|
|
Tutorial Sessions |
The following six tutorial sessions will be held on December 14 2010.
Tutorials 1-3 will be held in the morning, while Tutorials 4-6 will be held in the afternoon.
|
Morning session (9.00 am to 12.00 noon)
|
| Tutorial 1: |
3D Video Processing Techniques for Free-viewpoint Television |
| Speaker: |
Prof. Yo-Sung Ho
Gwangju Institute of Science and Technology (GIST), Korea |
| Abstract: |
In recent years, various multimedia services have been available and the demand for
three-dimensional television (3DTV) is growing rapidly. Since 3DTV is considered as the
next generation broadcasting service that can deliver real and immersive experiences by
supporting user-friendly interactions, a number of advanced 3D video processing technologies
have been studied. Among them, multi-view video coding (MVC) is the key technology for
various applications including free-viewpoint television (FVT). In order to support
free-viewpoint video services, we need to develop efficient techniques for 3D video
processing.
The main objective of this tutorial lecture is to provide a comprehensive coverage of
the fundamental principles of 3D video processing, including leading algorithms for
free-viewpoint video applications. After reviewing the basic techniques for multiple camera
calibration, image rectification, illumination compensation and color correction, we are
going to explain different approaches for obtaining depth information of the 3D scene. We
also cover the current state-of-the-art technologies for multi-view video and depth coding,
including several spatio-temporal prediction structures, and explain how to generate
intermediate images at virtual viewpoints for free-viewpoint video services. In this tutorial
lecture, we will discuss the MPEG activities for 3D video coding, including depth map estimation
and intermediate view synthesis software.
|
| Tutorial 2: |
Human-vision Friendly Processing for Images and Graphics |
| Speaker: |
Prof. Weisi Lin
Nanyang Technological University, Singapore |
| Abstract: |
Since the human visual system (HVS) is the ultimate receiver and appreciator for
the majority (if not all) of naturally captured images and computer generated graphics,
it would be better to use a perceptual criterion in the system design, implementation
and optimization, instead of the traditional, mathematically defined one (e.g., MSE,
SNR, PSNR, QoS or their relatives). After million-years of evolution, the HVS develops
unique characteristics, which can be turned into the advantages for system designs. To
make the machine perceive as the HVS does can result in resource savings (for instance,
bandwidth, memory space, computing power) and performance enhancement (such as the
resultant visual quality, and new functionalities). Significant research effort has been
made toward modelling the HVS' mechanism during the past decade, and to apply the
resultant models to various situations (equality evaluation, image/video compression,
watermarking, channel coding, signal restoration/enhancement, computer graphics, visual
content retrieval, etc.).
In this tutorial, we will first introduce the problem formulation, the relevant
physiological/psychological knowledge, and the work so far in the related fields.

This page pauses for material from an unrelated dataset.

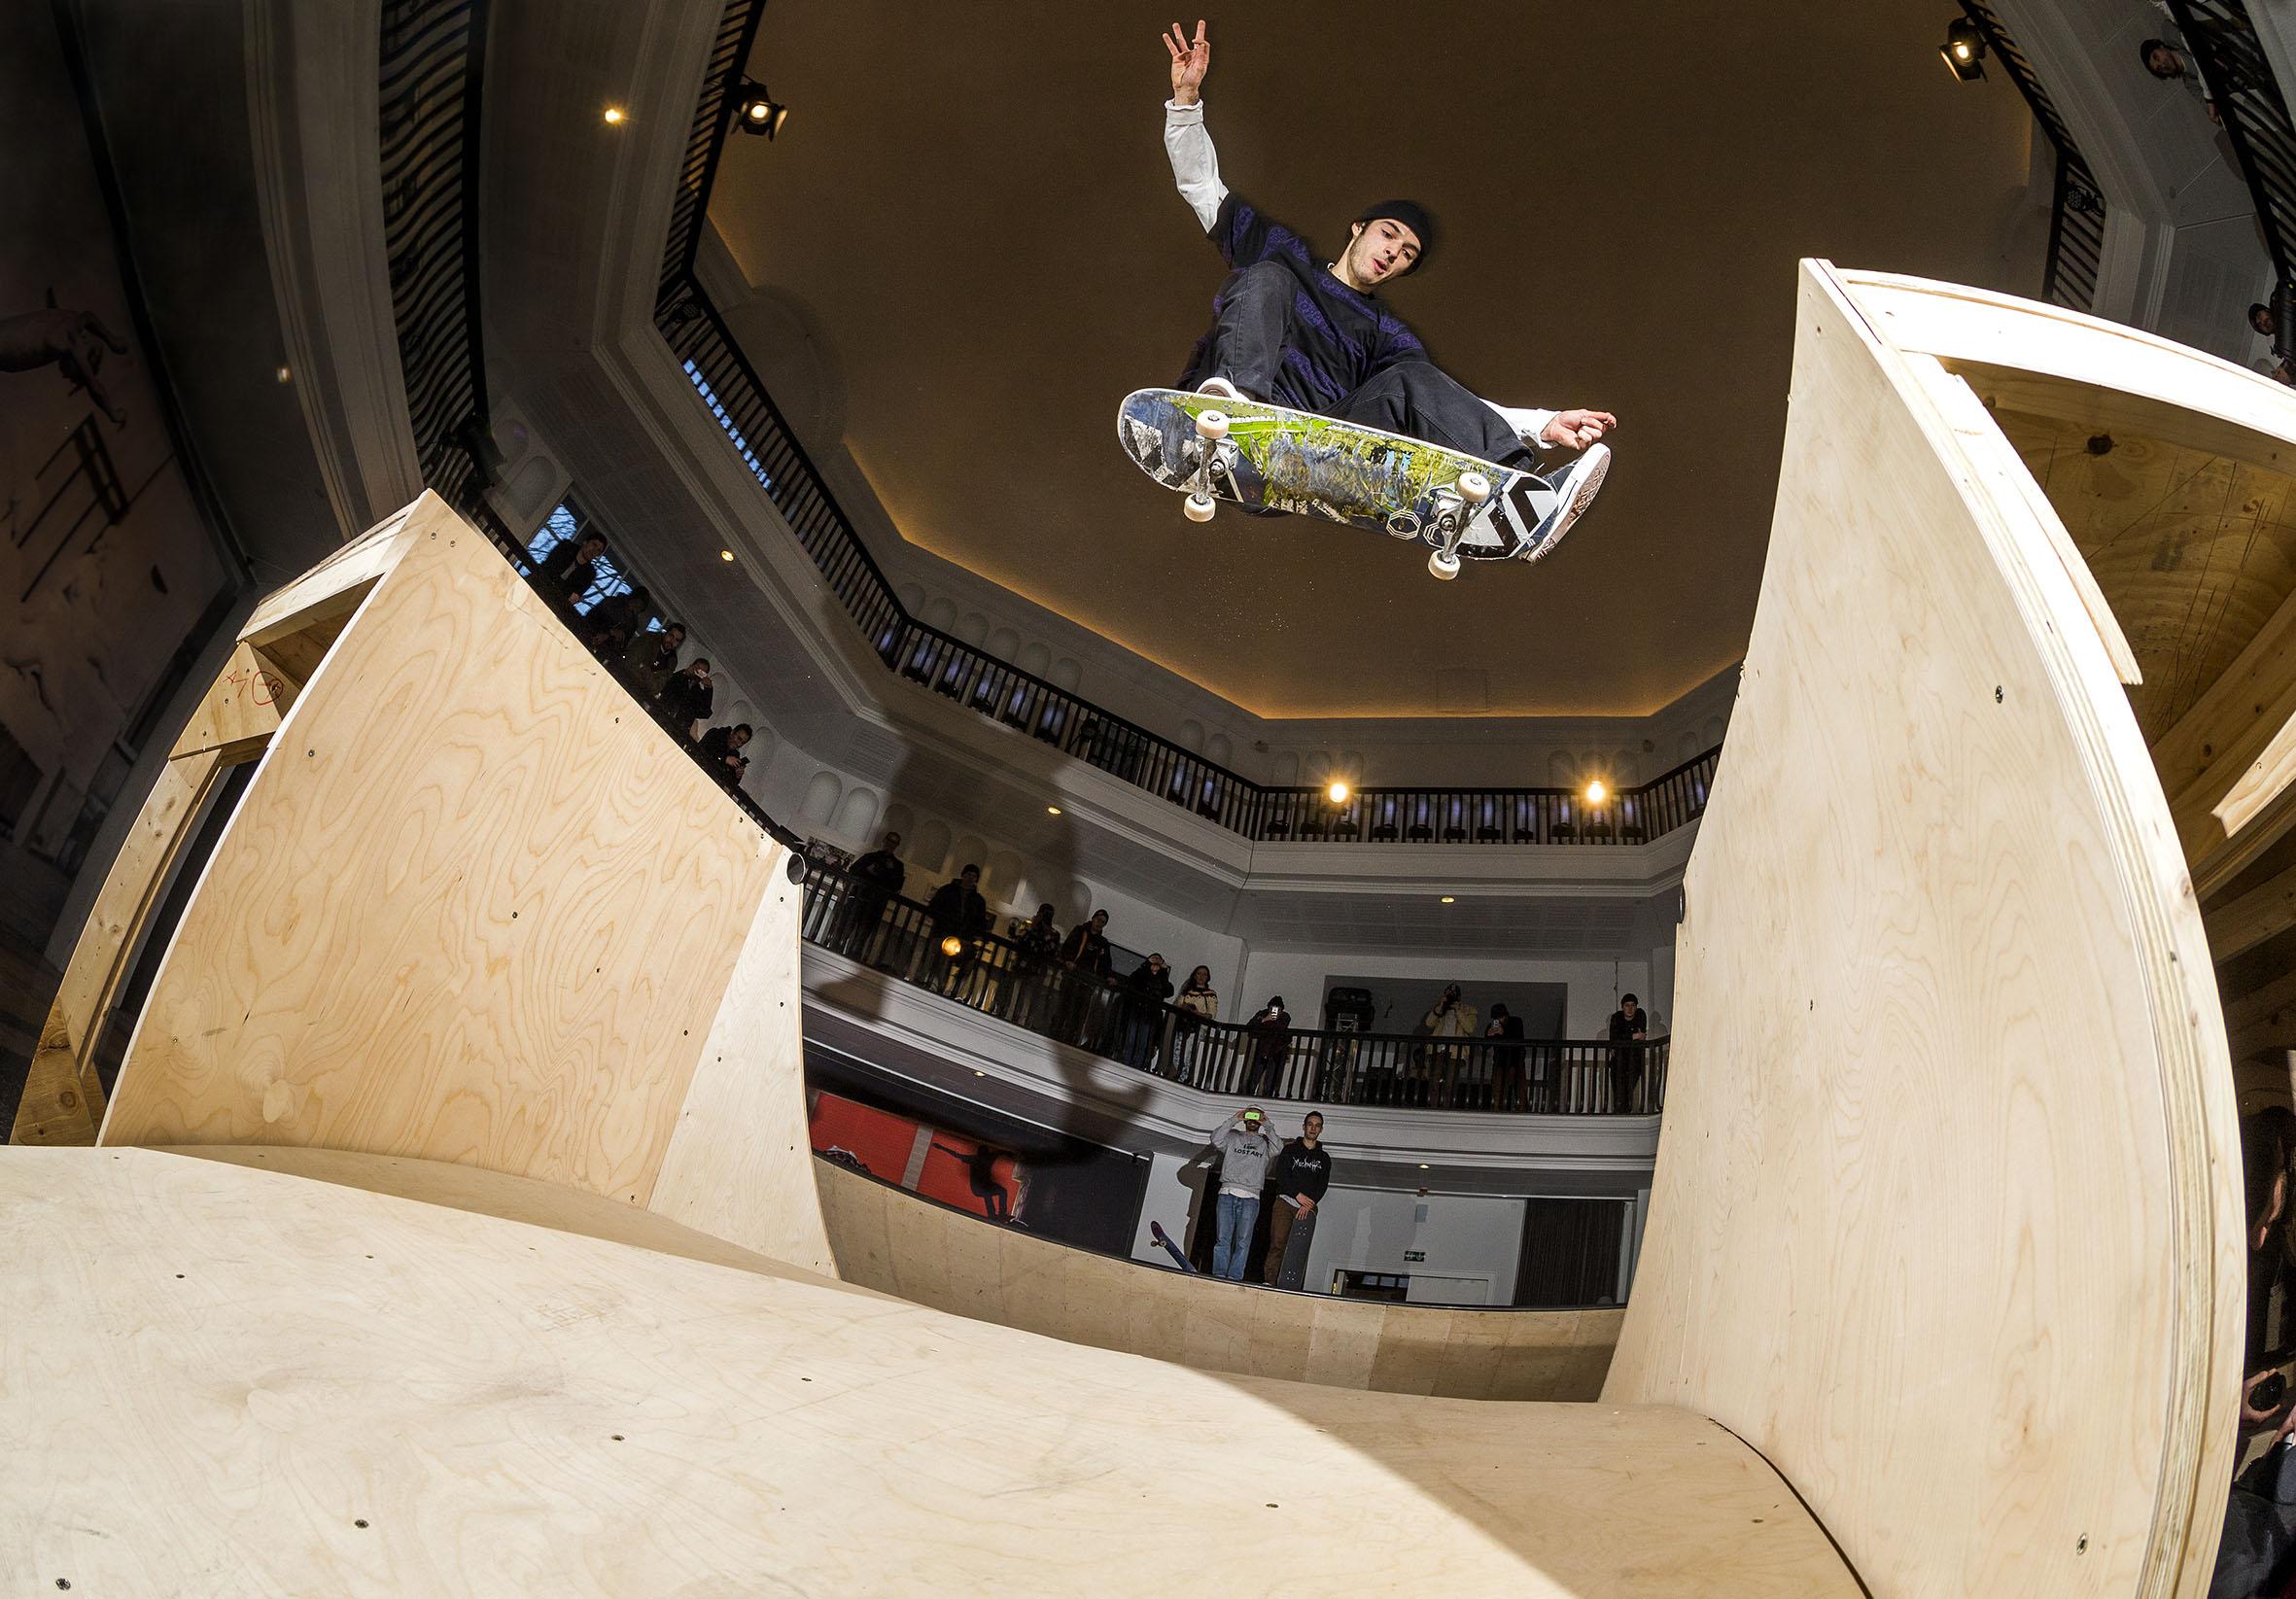 Remy Taveira | Kickflip Over the Gap

The
basic engineering modules (like signal decomposition, visual attention, and visibility
determination) are then to be discussed. The issues and difficulties related to the
two major mechanisms in most current systems (i.e., feature detection and pooling) are
to be highlighted and explored. Afterward, different perceptually-driven techniques will
be presented for picture quality evaluation, signal compression, enhancement, communication,
and computer graphics, with proper case studies whenever possible. The last part of the
tutorial is devoted to a summary, points of further discussion and possible future research
directions, based upon our experience in both academic and industrial pursuits.
|
| Tutorial 3: |
Brain-Computer Interface Technology and Applications |
| Speakers: |
Kai Keng Ang, Fabien Pierre Robert Lotte, Cuntai Guan
Institute for Infocomm Research, A*STAR, Singapore |
| Abstract: |
A Brain-computer interfaces (BCI), or sometimes called brain-machine interface,
is a device that respond to neural processes from the brain to provide a direct
communication pathway between the brain and the external device. Research on BCIs
began in the 1970 and recent advances in BCI technology has produced devices that
augment or even help human functions that is only possible in science fiction a
few years ago. This tutorial will present an overview of the current BCI technologies,
ranging from invasive, semi-invasive using ECoG to non-invasive using EEG, MEG, NIRS
and fMRI. Recently, there has been much interest in BCI technology to help improve
the quality of life and to restore function for people with severe motor disabilities.
One of the strategies is to use a BCI to translate brain signals that involves motor
or mental imagery into commands for controlling the robot and bypasses the normal motor
output neural pathways. This tutorial will focus on the signal processing and machine
learning techniques to detect motor imagery. Finally, this tutorial will present how
recent BCI technology can help to improve the lives of people with neurological disorders
such as advanced amyotrophic lateral sclerosis, and to help restore more effective motor
control to people after stroke or other traumatic brain disorders.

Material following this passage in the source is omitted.